A Supervised Approach to Predicting Noise in Depth Images.

Modern robotic systems are very complex and need to be tested in simulations with detailed sensor noise models to effectively verify robotic behavior. Depth imagery in particular comes with significant noise in the form of scene-dependent pixel-wise dropouts and distortions. Unfortunately, many depth camera simulations contain limited noise models, or can only support generating realistic depth images of simple scenes, which limits their usefulness in effectively testing perception algorithms. We propose a data driven approach to generate more realistic noise for complex simulated environments by using a convolutional neural network (CNN) to predict which pixels of a simulated noise-free depth image will not have returns (no-depth-return pixels, or NDP).
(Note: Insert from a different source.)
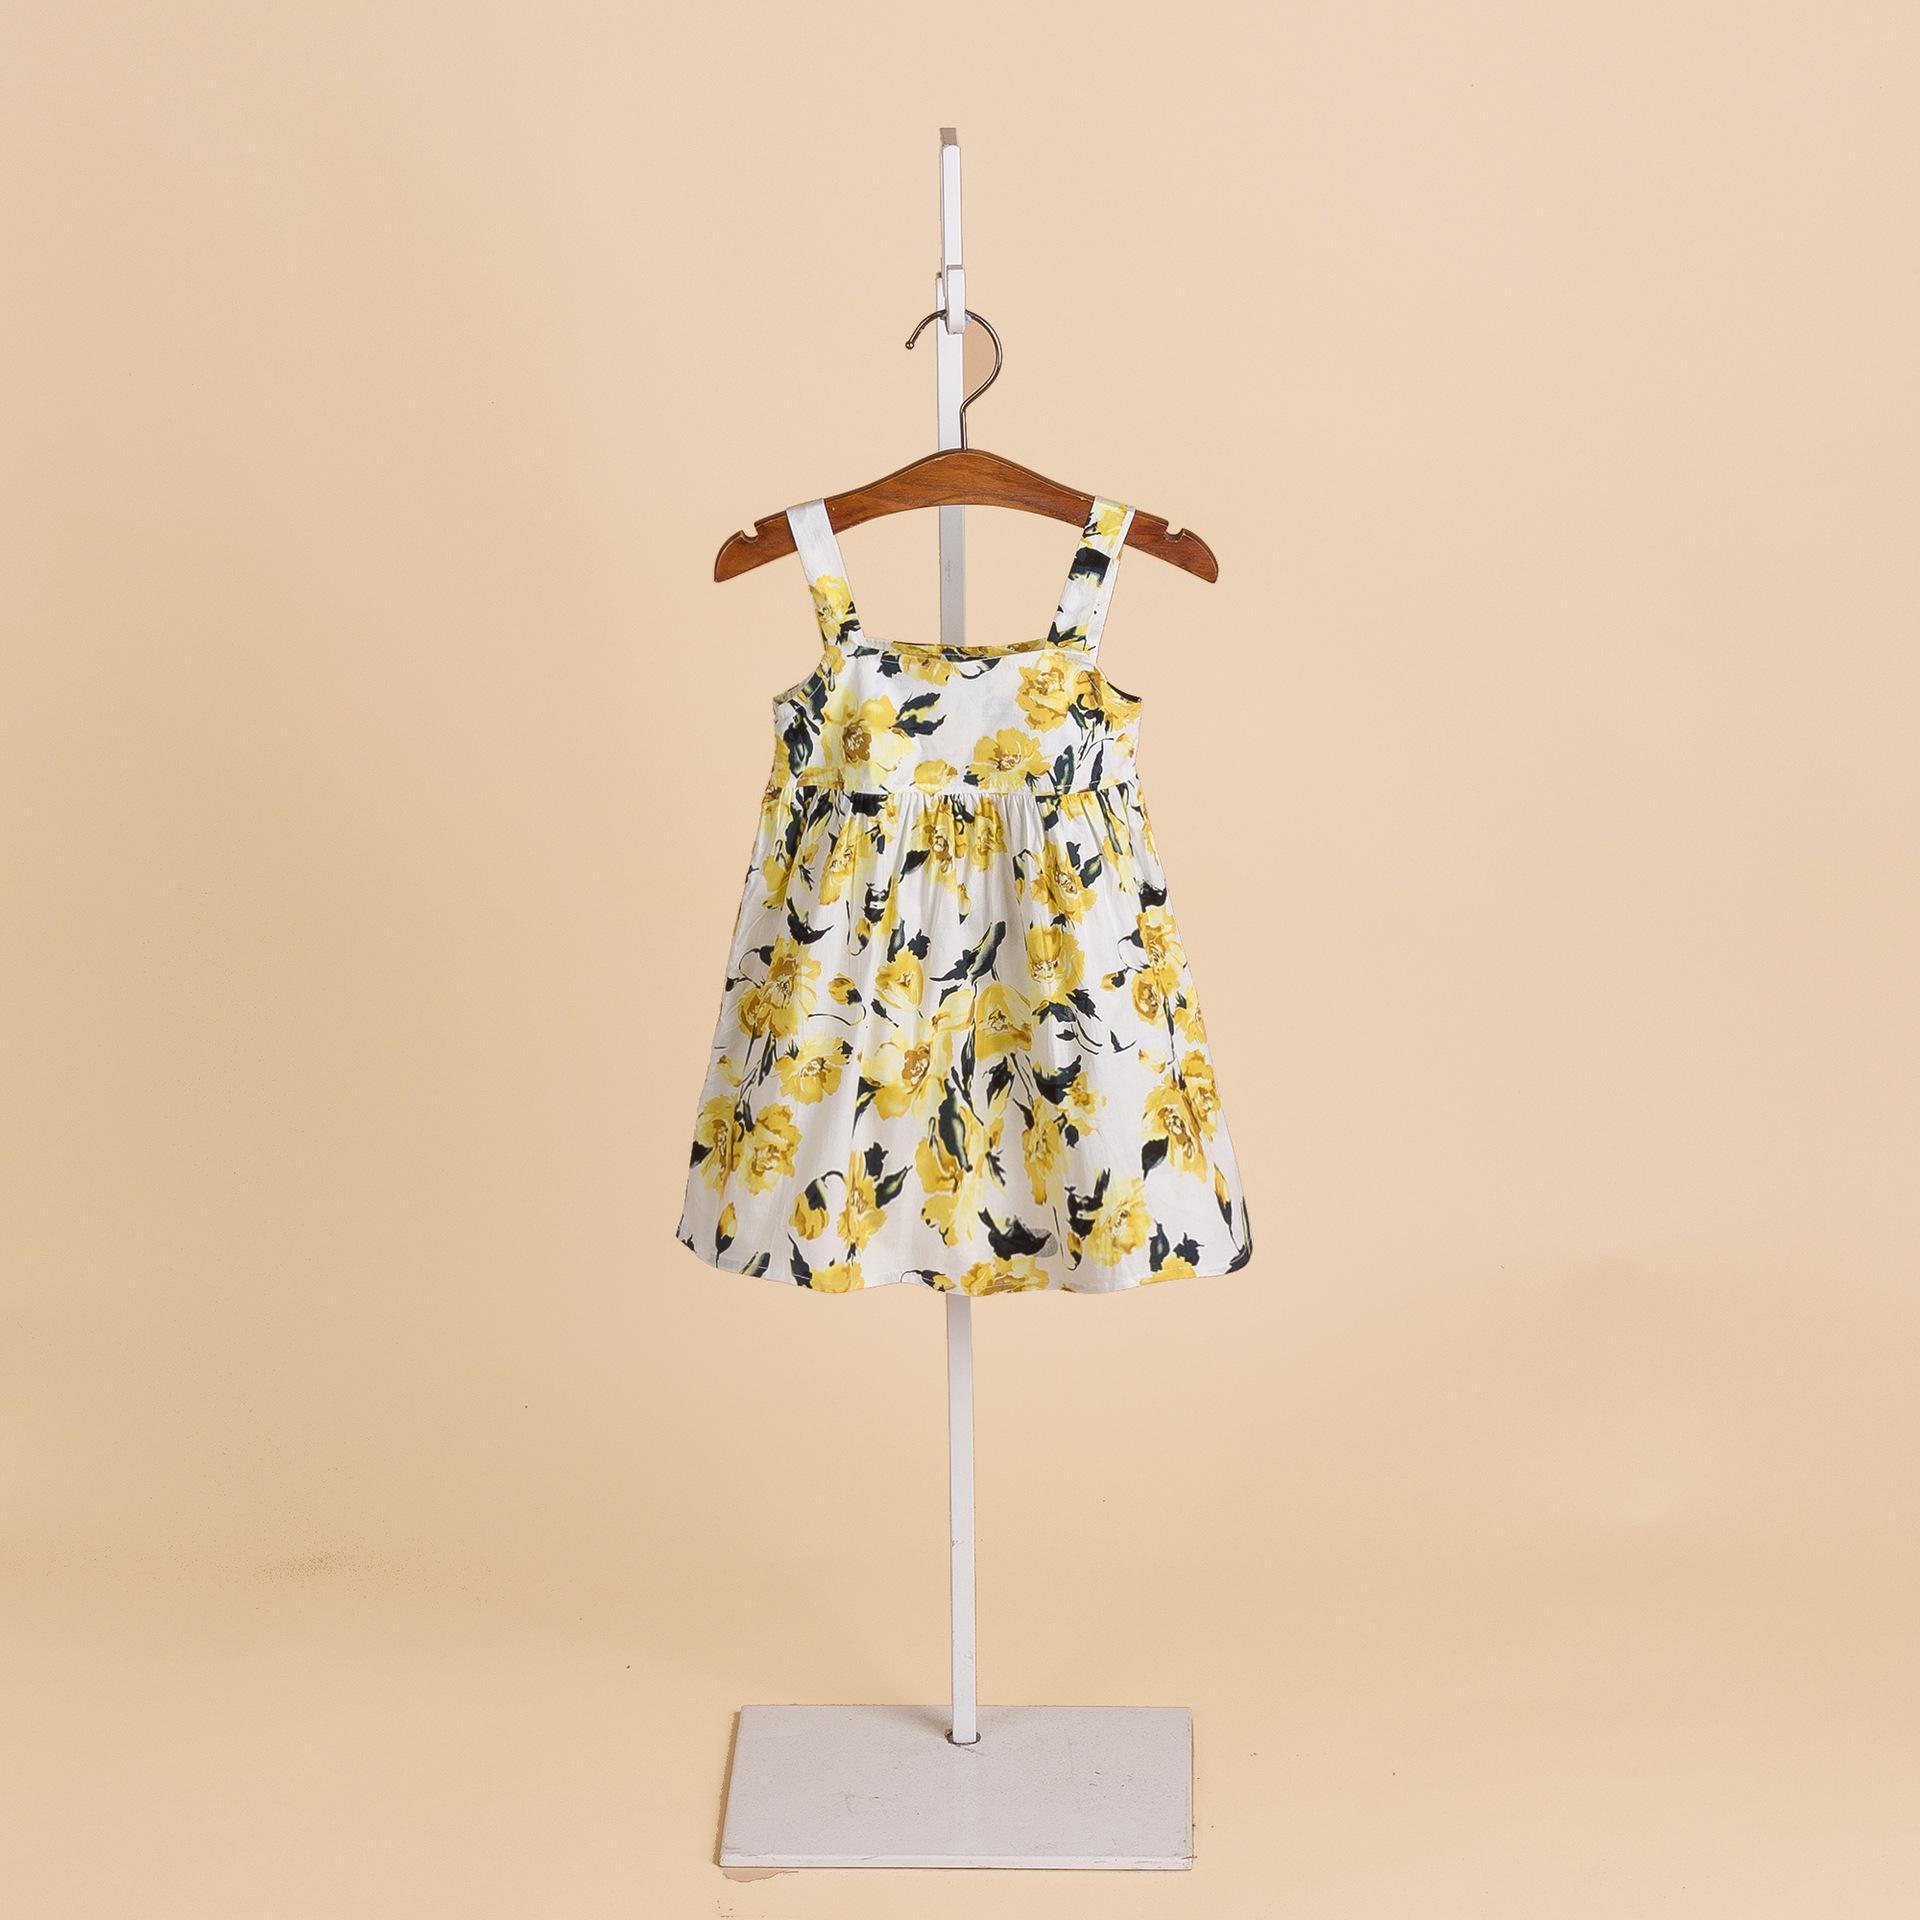 New Kids ragazze di estate dei bambini del vestito raffreddare cablaggio gonna floreale giubbotto bambino abito da principessa

We choose to focus on NDP here, as these dropouts are the most common and dramatic form of depth image noise. To train this network, we use reconstructed real-world scenes from the Label Fusion dataset to provide ground truth depth for each noisy depth image used to scan the scene. We use the resulting noise-free and noisy depth image pairs as labeled examples and train the network to predict which pixels of the noise-free image will be NDP. When used to post-process a simulation of a depth sensor, this system produces realistic depth images, even in cluttered scenes. To demonstrate that our approach successfully closes the reality gap for depth imagery, we show that the popular ICP algorithm for object pose estimation fails more realistically on our CNN-corrupted simulated depth images than on uncorrupted depth images and unsupervised domain adaptation baselines.